[PATCH 0/4] udp: Fix some confusion of IPv4 and IPv6 control structures
It turns out a couple of places on the IPv4 specific inbound path accidentally use control structures that are supposed to be for IPv6. That could lead to weird behaviour in a rather complex set of circumstances. Path 1/4 here is the actual fix, the rest makes some clean ups to the code that should make similar mistakes harder errors harder to commit in future. This is based on my earlier cleanup of the UDP splicing code, although I think it will rebase trivially. David Gibson (4): udp: Fix inorrect use of IPv6 mh buffers in IPv4 path udp: Better factor IPv4 and IPv6 paths in udp_sock_handler() udp: Preadjust udp[46]_l2_iov_tap[].iov_base for pasta mode udp: Factor out control structure management from udp_sock_fill_data_v[46] udp.c | 184 ++++++++++++++++++++++++++-------------------------------- 1 file changed, 81 insertions(+), 103 deletions(-) -- 2.38.1
udp_sock_handler() incorrectly uses udp6_l2_mh_tap[] on the IPv4 path. In
fact this is harmless because this assignment is redundant (the 0th entry
msg_hdr will always point to the 0th iov entry for both IPv4 and IPv6 and
won't change).
There is also an incorrect usage of udp6_l2_mh_tap[] in
udp_sock_fill_data_v4. This one can cause real problems, because we'll
use stale iov_len values if we send multiple messages to the qemu socket.

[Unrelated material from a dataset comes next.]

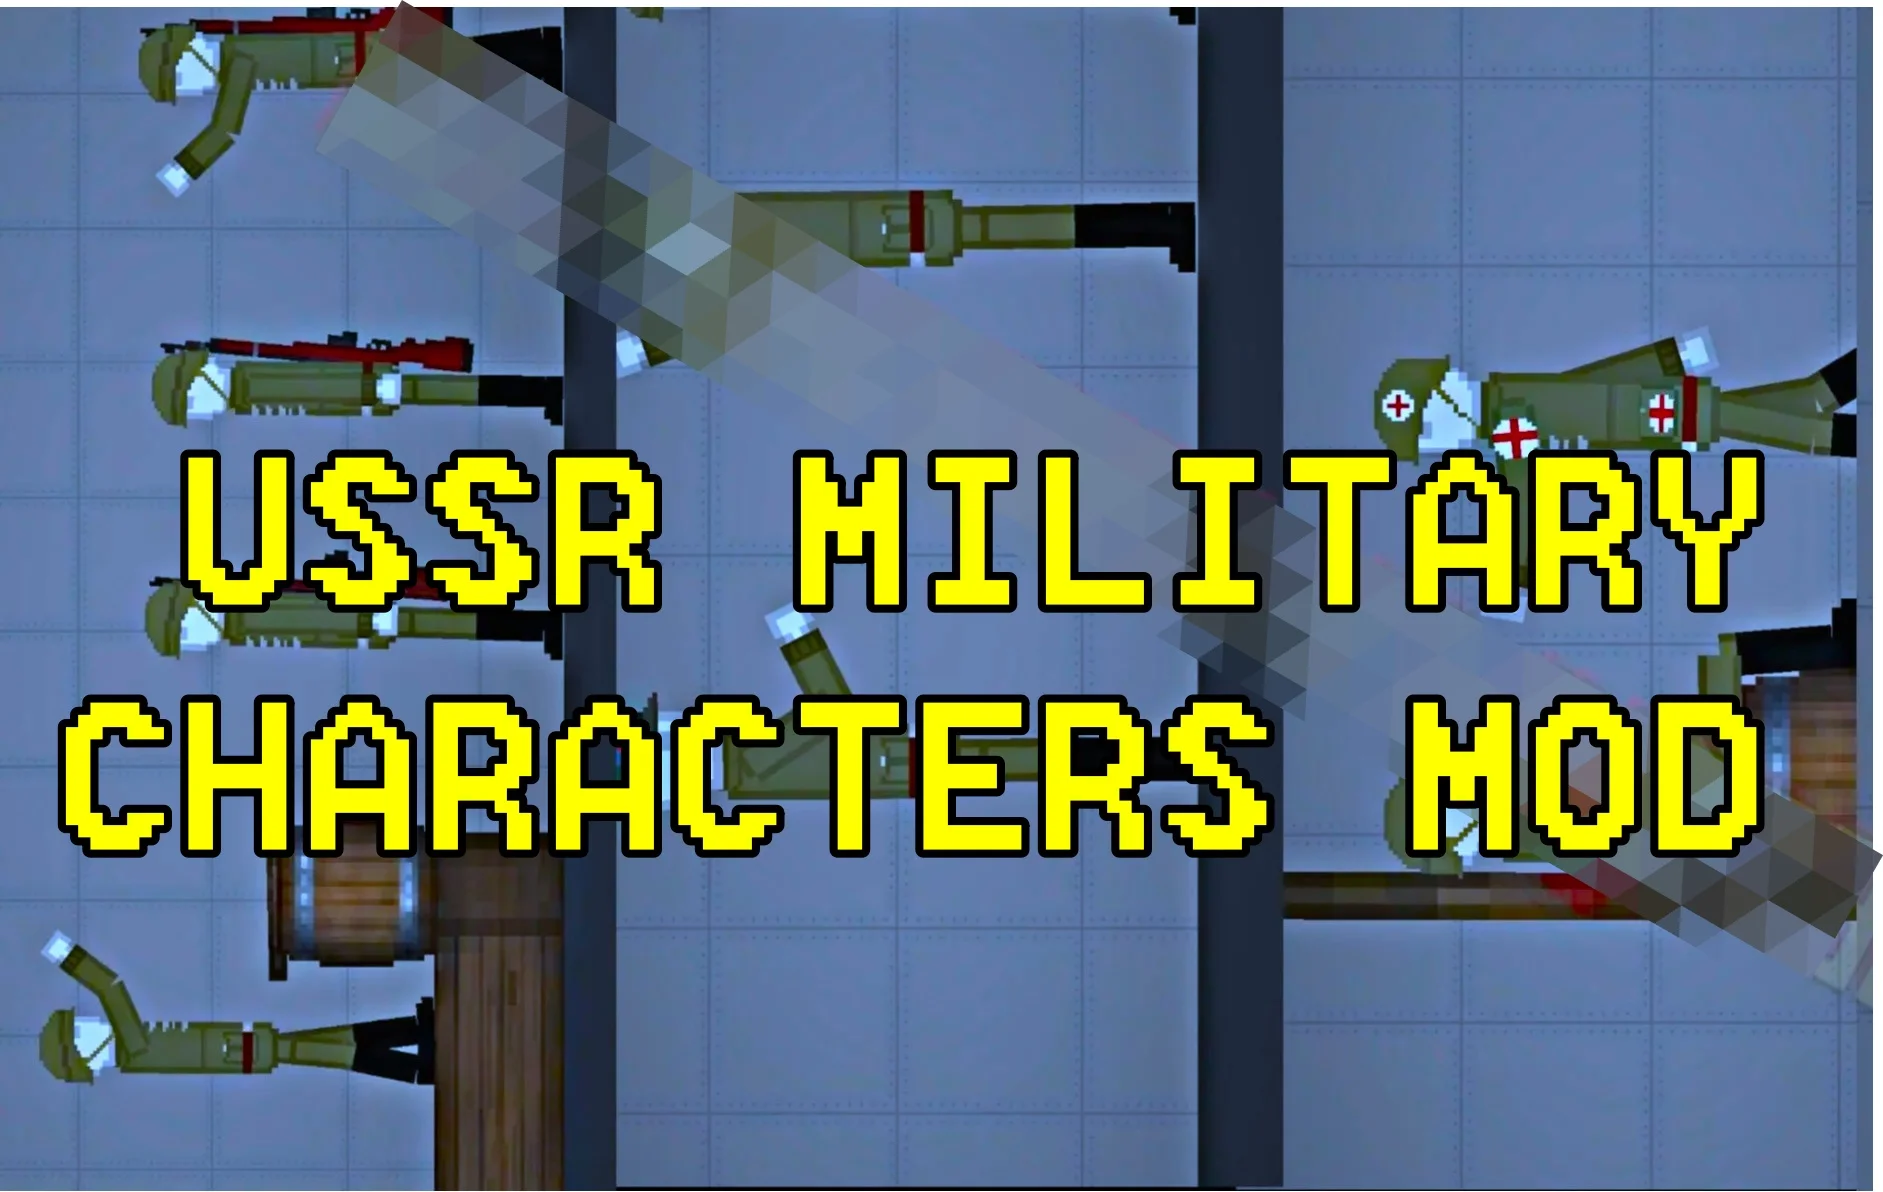 Read more about the article USSR MILITARY CHARACTERS MOD SKINS PACKAGE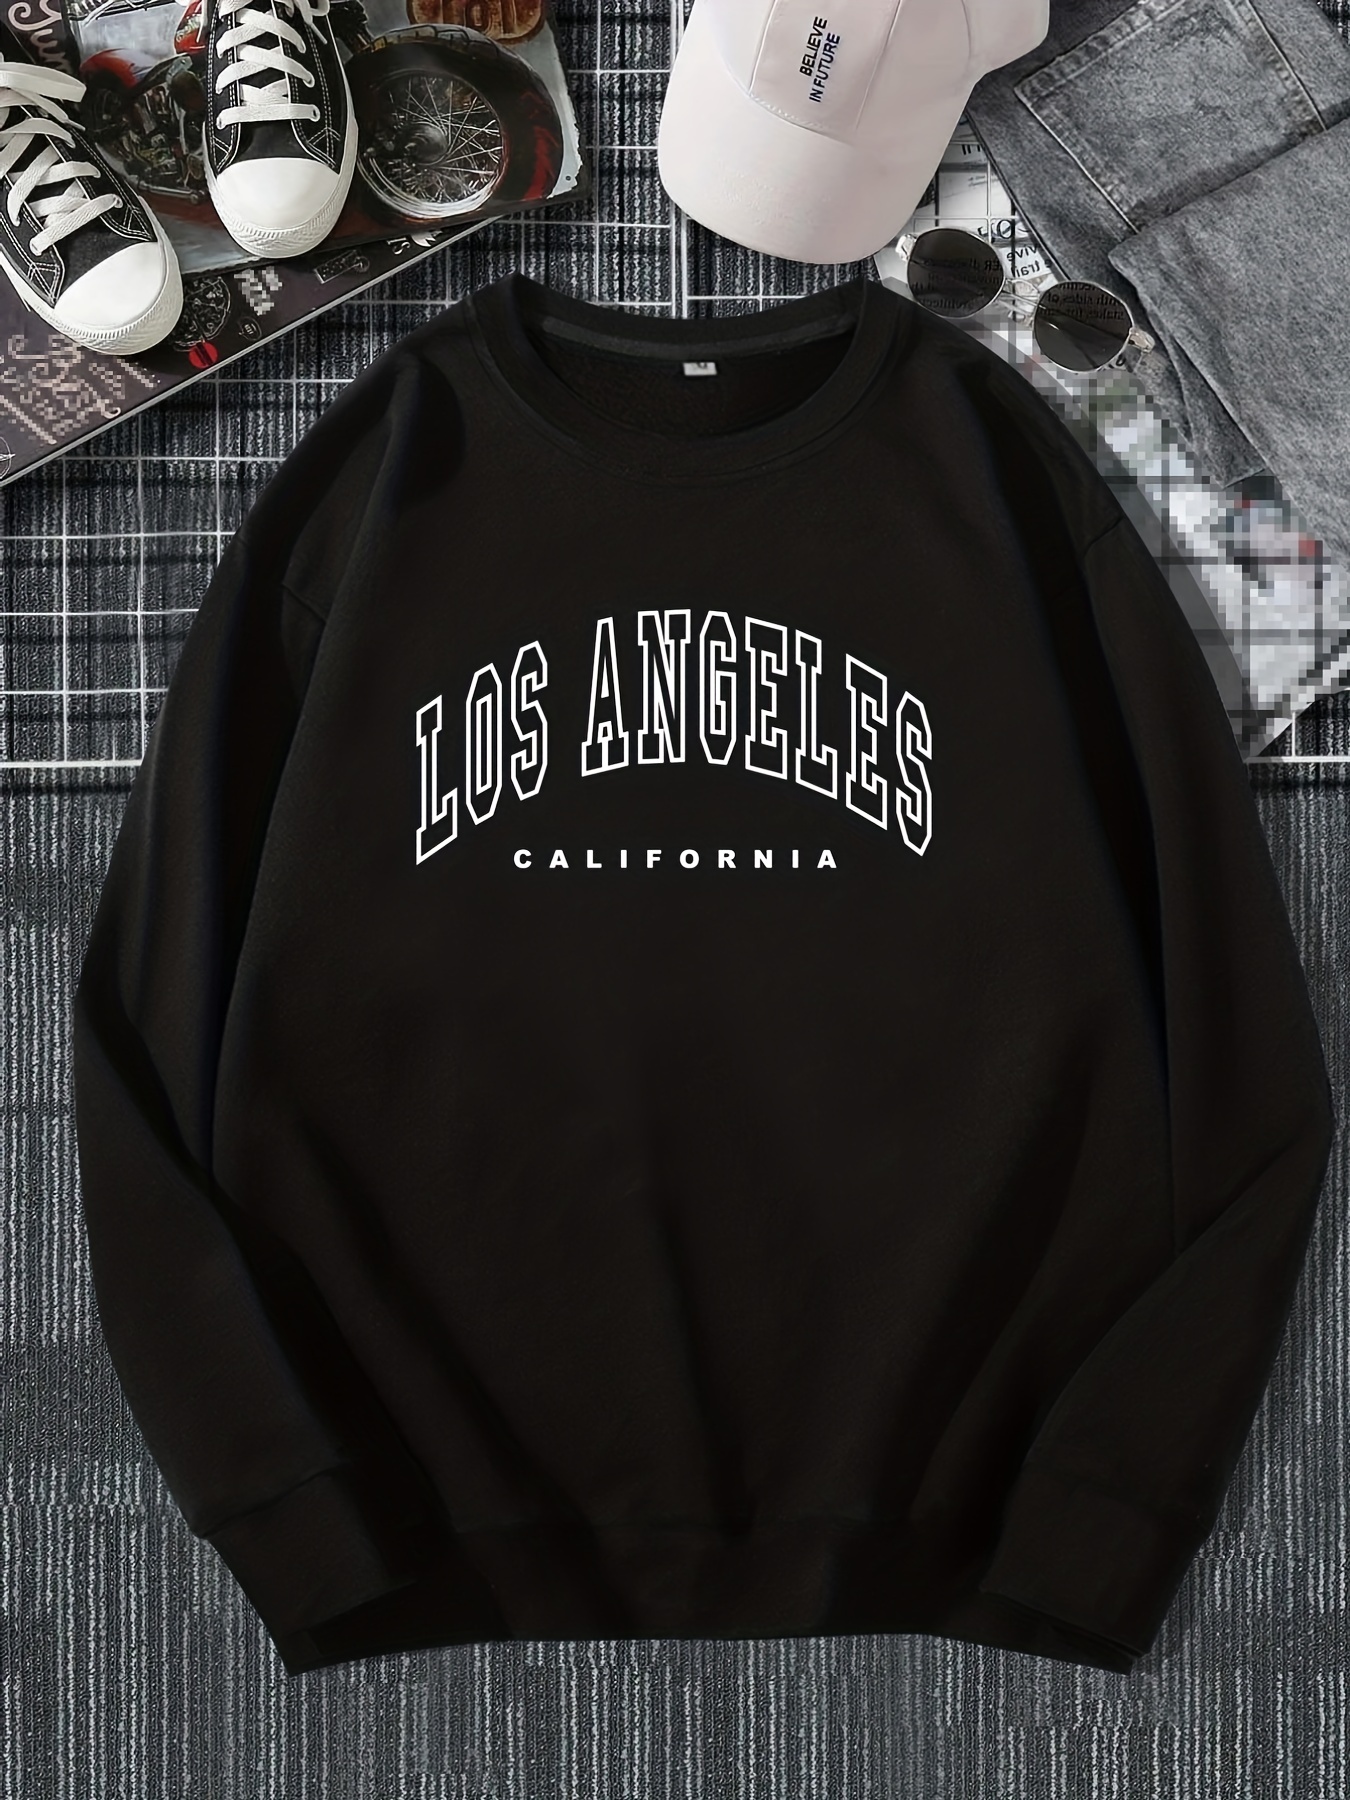 5 Cool Ways to Wear a Hoodie - Los Angeles Tech + Startups

Most of the time that will be relatively harmless - we're likely to either
drop UDP packets, or send duplicates. However, if the stale iov_len we
use ends up referencing an uninitialized buffer we could desynchronize the
qemu stream socket.
Correct both these bugs. The UDP6 path appears to be correct, but it does
have some comments that incorrectly reference the IPv4 versions, so fix
those as well.
Signed-off-by: David Gibson
Apart from which mh array they're operating on the recvmmsg() calls in
udp_sock_handler() are identical between the IPv4 and IPv6 paths, as are
some of the control structure updates.
By using some local variables to refer to the IP version specific control
arrays, make some more logic common between the IPv4 and IPv6 paths. As
well as slightly reducing the code size, this makes it less likely that
we'll accidentally use the IPv4 arrays in the IPv6 path or vice versa as we
did in a recently fixed bug.
Signed-off-by: David Gibson
Currently, we always populate udp[46]_l2_iov_tap[].iov_base with the
very start of the header buffers, including space for the qemu vnet_len
tag suitable for passt mode. That's ok because we don't actually use these
iovecs for pasta mode.
However, we do know the mode in udp_sock[46]_iov_init() so adjust these
to the beginning of the headers we'll actually need for the mode: including
the vnet_len tag for passt, but excluding it for pasta.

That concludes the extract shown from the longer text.